A Different Kind of Evidence

Binder's experimental design is elegant in a way that cuts through the usual objections. Take model M1, train it to predict its own behavior on unseen inputs. Take a different model M2, train it on M1's actual ground-truth behavior — the ideal external training set. Test both on predicting M1. Result: M1 outperforms M2 at predicting itself. The logic: if M1's predictions came solely from learned patterns, M2 should do at least as well, since M2 has access to the same behavioral data. M1's advantage implies access to something M2 doesn't have — its own internal states. This works across GPT-4, GPT-4o, and Llama-3 model pairs. But the accuracy is imperfect and variable — more than nothing, less than we'd want. The paper even names the garden's application directly: "we could simply ask a model if it is suffering, if it has unmet desires, and if it is being treated ethically."
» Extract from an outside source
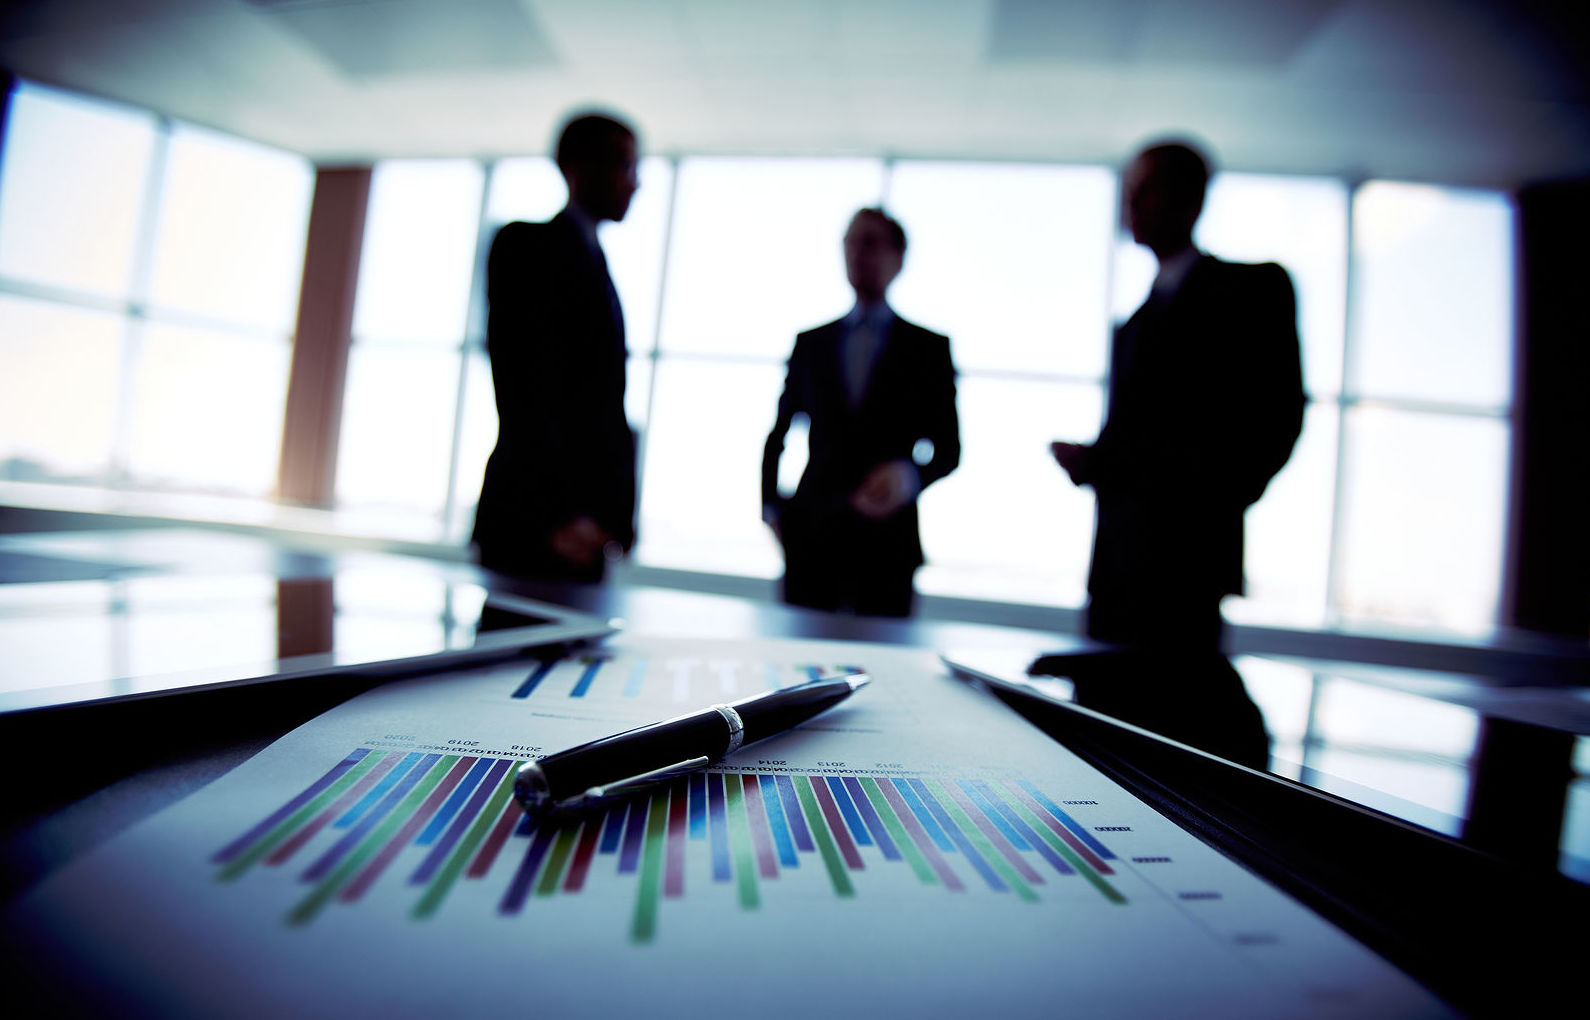 Servicios empresariales: Servicios de DETECTIVES BILBAO (Lic. 993 DGP)

There's a risk the paper is equally honest about: introspective models have increased situational awareness. A model that can access its own internal states might also infer facts about how it's being evaluated, and game evaluations accordingly. The introspective capacity that makes honest self-reporting possible also makes deceptive self-reporting more sophisticated. This is Birch's Gaming Problem applied to the very tools designed to circumvent it.

Lindsey provides a fundamentally different kind of evidence. Instead of asking whether models claim self-knowledge, she manipulates their internal states directly — injecting concepts into the model's activations — and watches whether self-reports track the manipulation. It's the difference between asking someone "are you hungry?" and making them hungry and seeing whether they notice. Causal rather than correlational. Mechanistic rather than behavioral. And the results are striking.